Over the next decade Temple Shaaray Zedek had a number of rabbinical leaders including Rabbi Sanford Shanblatt and Rabbi Shlomo Stern. During Rabbi Stern’s tenure the congregation celebrated groundbreaking in 1981 for a sanctuary with its dedication on December 4, 1982. By then the Religious School Director was Rabbi Shay Mintz, who ran a successful joint community High School program with students also drawn from Beth El and Temple Sinai. Educational joint ventures, either through venue rental or shared staffing, or cooperative planning was a significant thread. Early in 1970, Temple Shaarey Zedek had welcomed Kadimah kindergarten students to its building and continued to offer space to Kadimah intermittently. In the meantime the congregation’s own needs saw full utilization of the basement for youth groups and classrooms. Janet Adler, Elaine Altman, Ray Abramovitz, Judy Grossbard and Tish Schiffman served as religious school principals across this period. Separately the addition of a wing to the social hall expanded options.
In 1987, the congregation welcomed Cantor Mark Spindler. Trained at the Cantors’ Institute, at Yeshiva University, he had served both the Brothers of Israel in Trenton and Lake Hiawatha Jewish Center in New Jersey, when he accepted the role at Temple Shaarey Zedek. Twenty-five years later, on November 17, 2012 he celebrated his quarter century in the Cantorate in Temple Shaarey Zedek successor congregation: Temple Beth Tzedek. Around the same time that “Cantor Mark”, joined the team, Jerome Frank, longtime administrator was succeeded by Allan Werbow. He would provide a long period of steadiness over the next 30 plus years, including through the during the merger with Temple Beth El. In 1995, Temple Shaarey Zedek absorbed the kindergarten and Lower School while the Middle School made a home at the Jewish Community Center in Getzville. Later Leah Schneider, also a teacher at Kadimah, assumed the role of Religious School principal. Other changes within the temple included the commission of a mural, Jerusalem of Gold, designed by Irwin Mink, which filled the hallway between the social hall and the sanctuary. Jane Jacobsen, a stained-glass artist, created twelve glass mosaic pieces on the theme of the tribes of Israel for the sanctuary. During the 1990s, when Rabbi Eliot Marrus served as the spiritual leader, and Temple Shaarey Zedek returned to a greater involvement in Christian-Jewish interfaith work as Rabbi Marrus was appointed to the presidency of the Buffalo Area Metropolitan Ministries, a group of 23 religious communities.

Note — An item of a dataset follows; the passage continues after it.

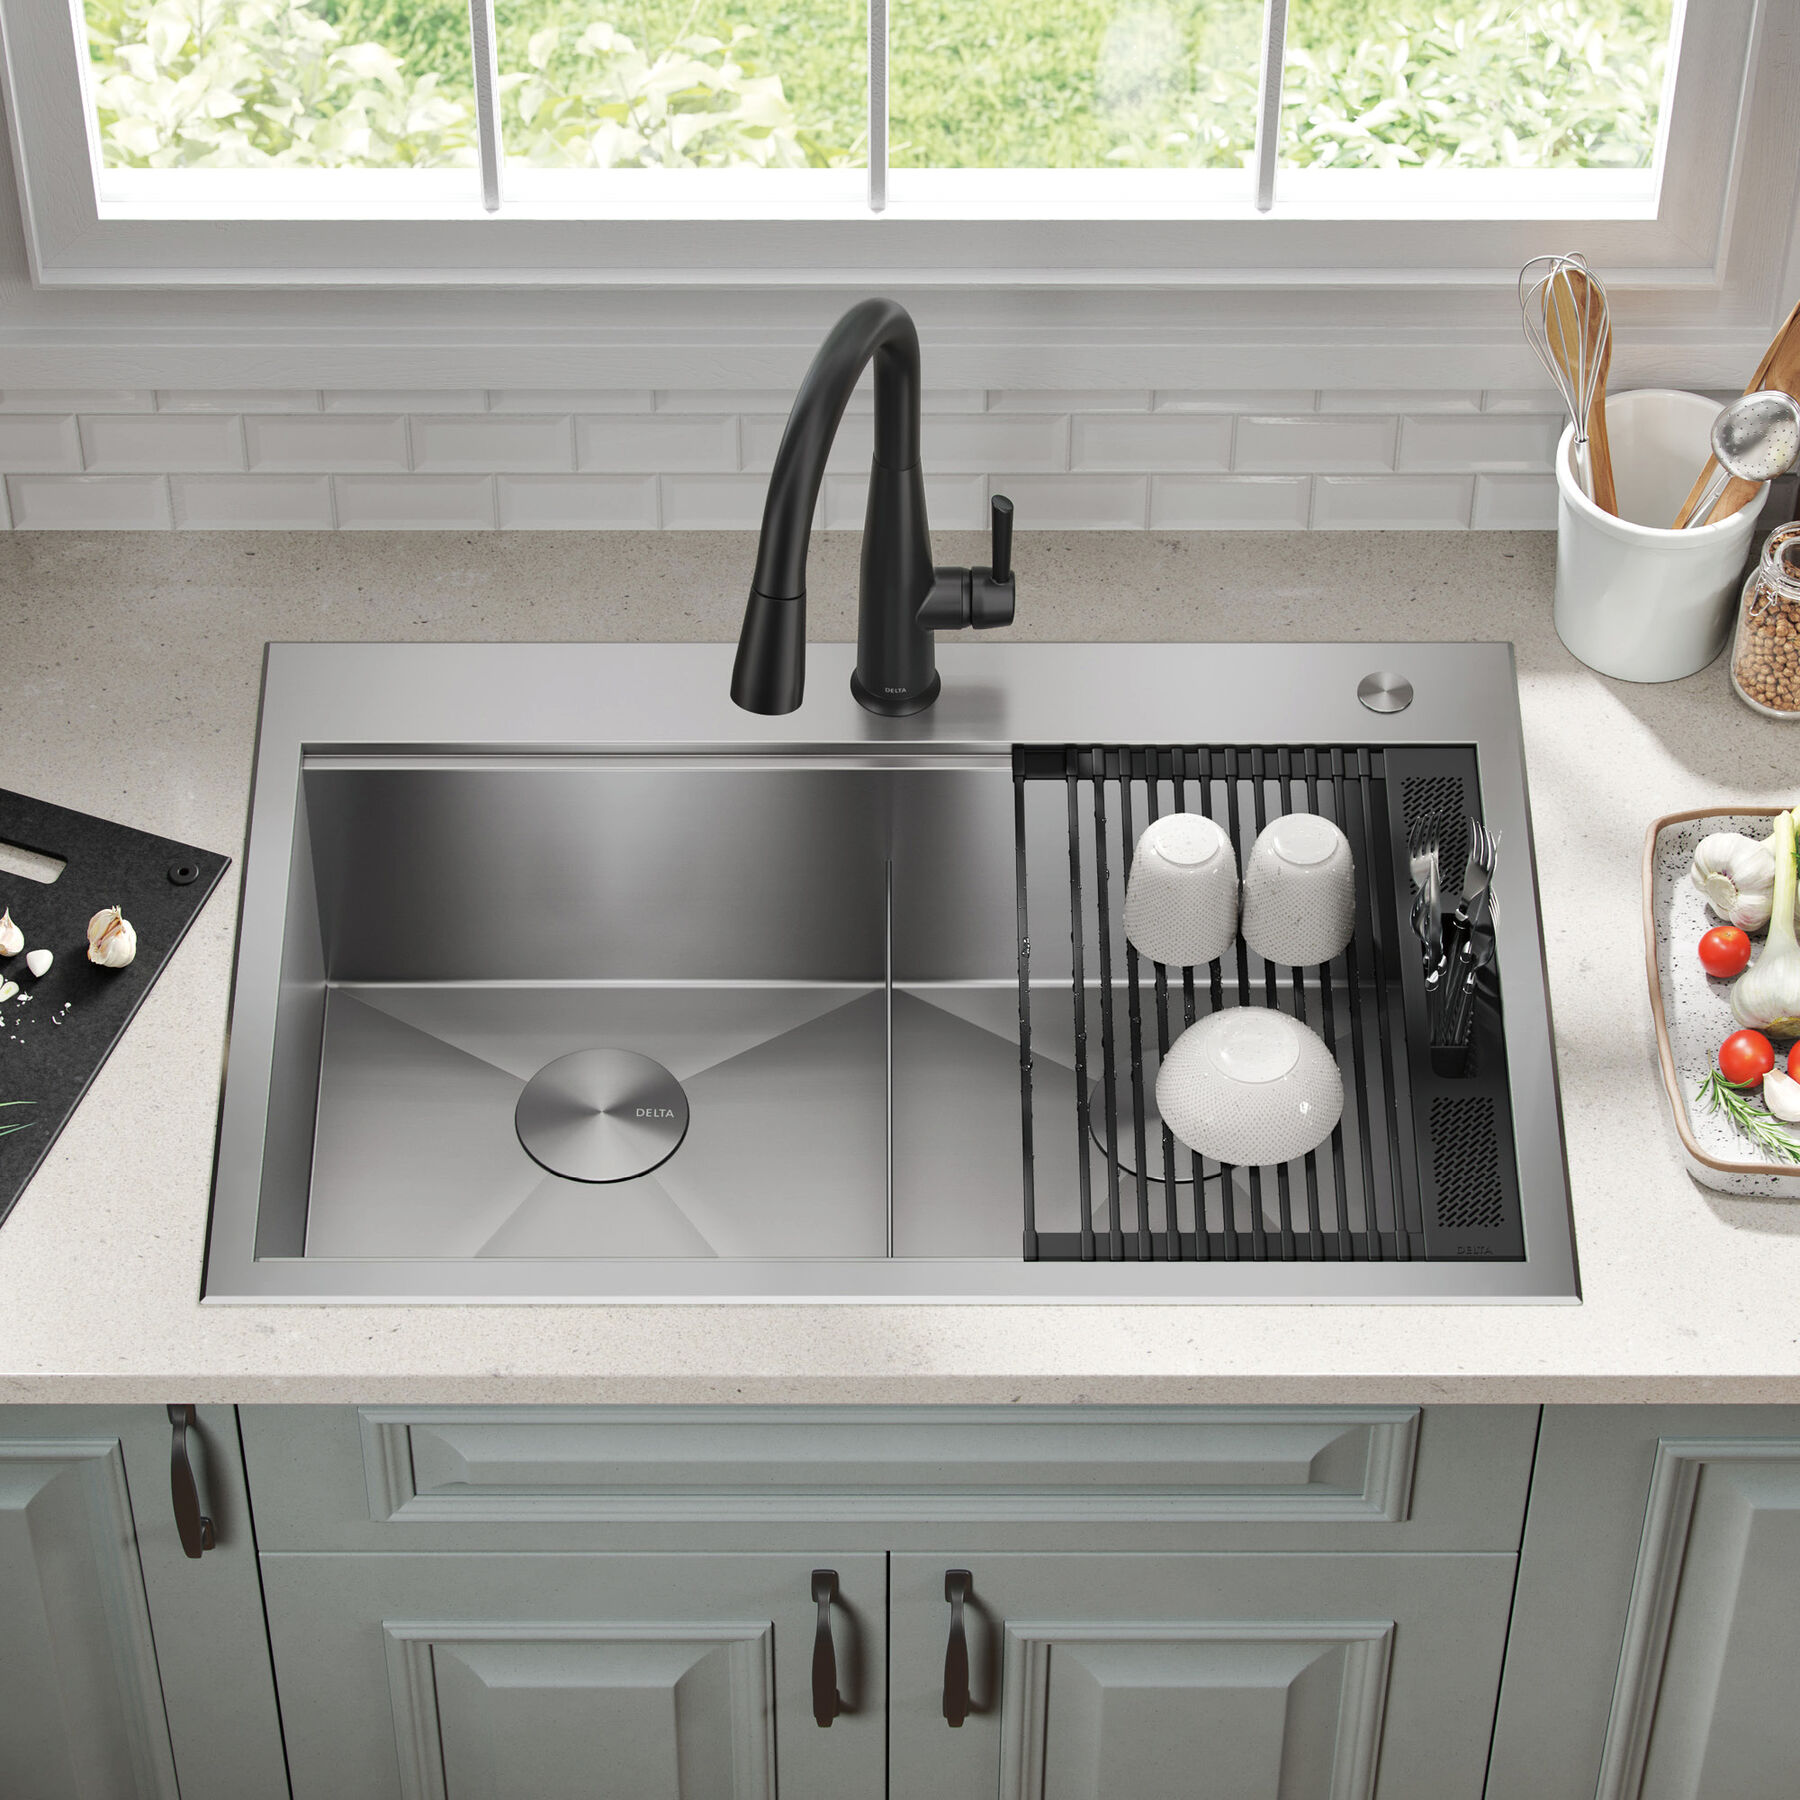 Double Bowl Sink Unit - Stainless Steel Sink Units - Kitchen Units

In the 2000s, like many other congregations facing demographic change, Temple Shaarey Zedek voted to merge with another Conservative synagogue to stabilize its membership numbers. Synagogue members celebrated their fortieth anniversary in June 2008, just a few weeks after a joint vote with Temple Beth El where congregants in each temple agreed to a merge to form Temple Beth Tzedek.